Yes lemon for acid, you don’t really taste it at all in the finished article.
 
holymoly, that Jade Citrus Mint is 14%ABV and tastes awesome!!!!!!! I am going to make a 5 gallon of that one in my large fermenter as soon as my Hobgoblin beer is done using it. Strange thing is I racked it for the second time with an ABV reading of 14% like a week ago and just racked it again same reading and still bubbling... UGH, how can that be???
 
holymoly, that Jade Citrus Mint is 14%ABV and tastes awesome!!!!!!! I am going to make a 5 gallon of that one in my large fermenter as soon as my Hobgoblin beer is done using it. Strange thing is I racked it for the second time with an ABV reading of 14% like a week ago and just racked it again same reading and still bubbling... UGH, how can that be???

Has it fermented completely?

maybe it just has some gas trapped in it?
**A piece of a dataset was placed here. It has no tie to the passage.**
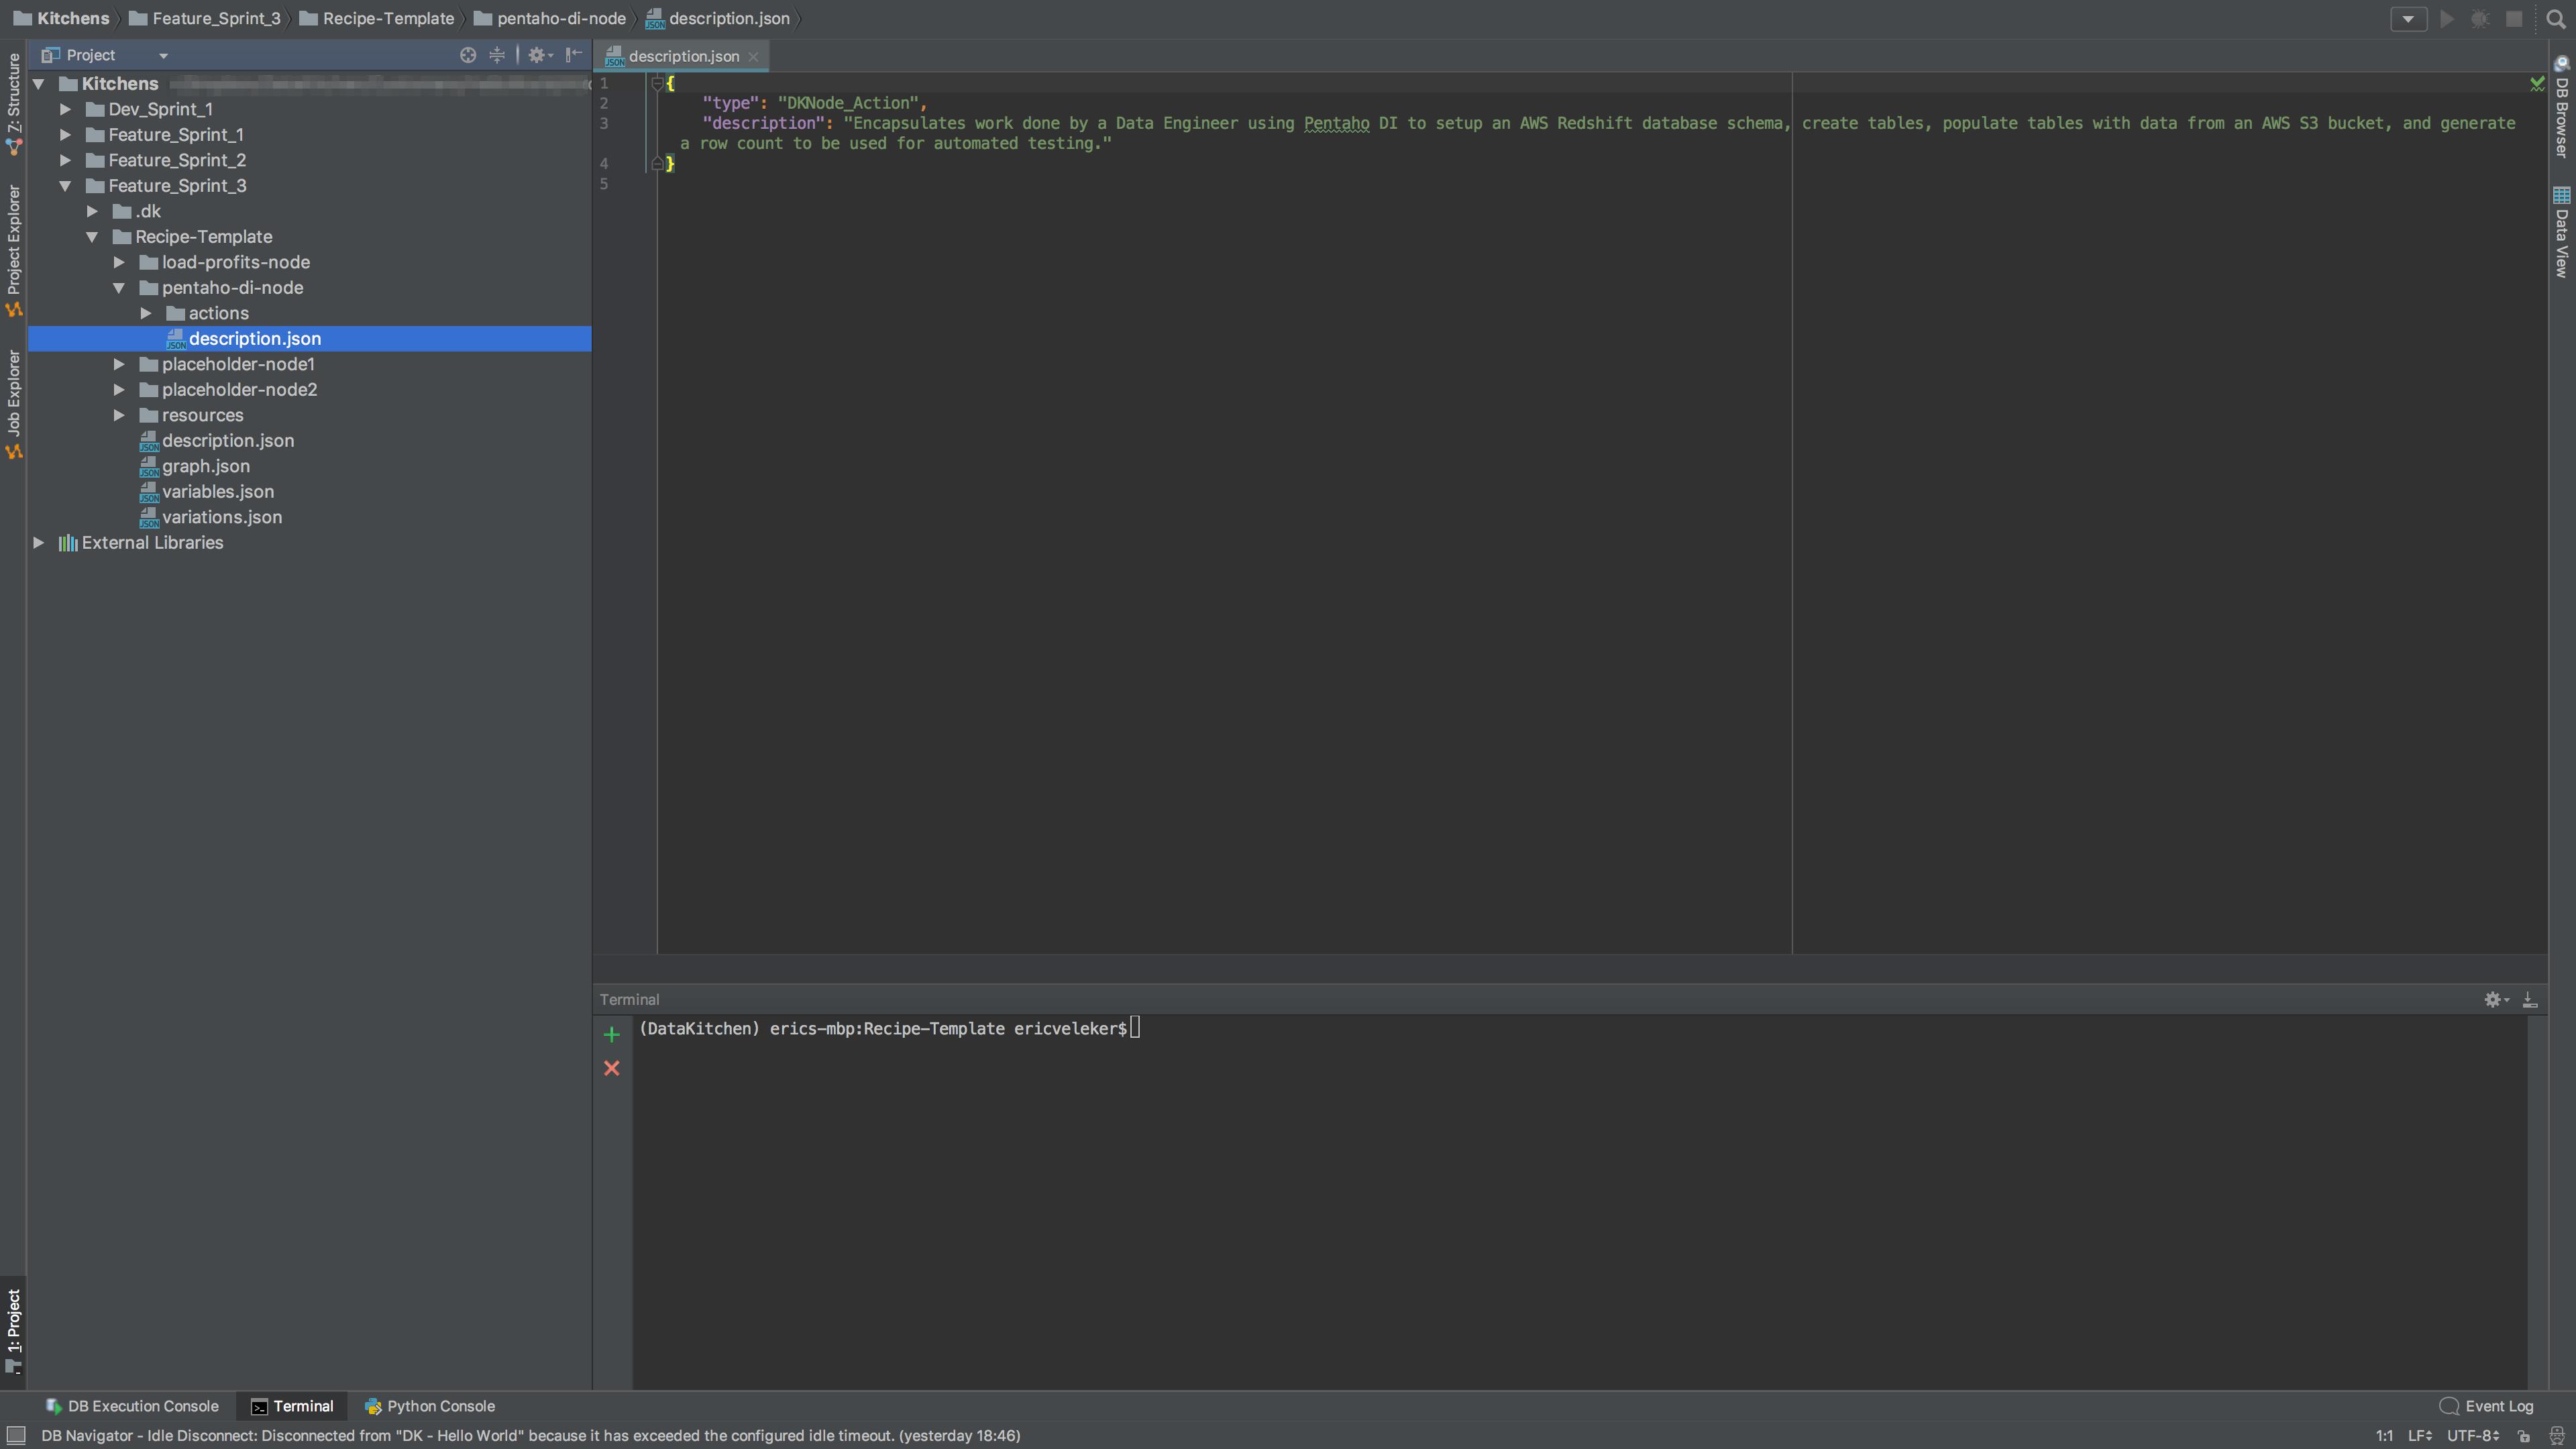 A view of **Recipe-Template**'s **pentaho-di-node**'s **description.json** file.

Could degas it and see if the bubbles stop
 
I did that and I still had some more activity today. I guess I will give it more time.
 
Update, that wine finally stopped fermenting, I added some glycerin for body and that wine I have to say is my best so far, I am now waiting for the clearing to finish if there will be anything left to bottle LOL
 
I think the secret of a tea wine is to use the same amount of tea/gallon as you would to make the tea by the gallon. If that would require 25 bags, then you use 25. If that would require 50, then 50 is called for. This says nothing about tannin, acidity, mouthfeel and the like.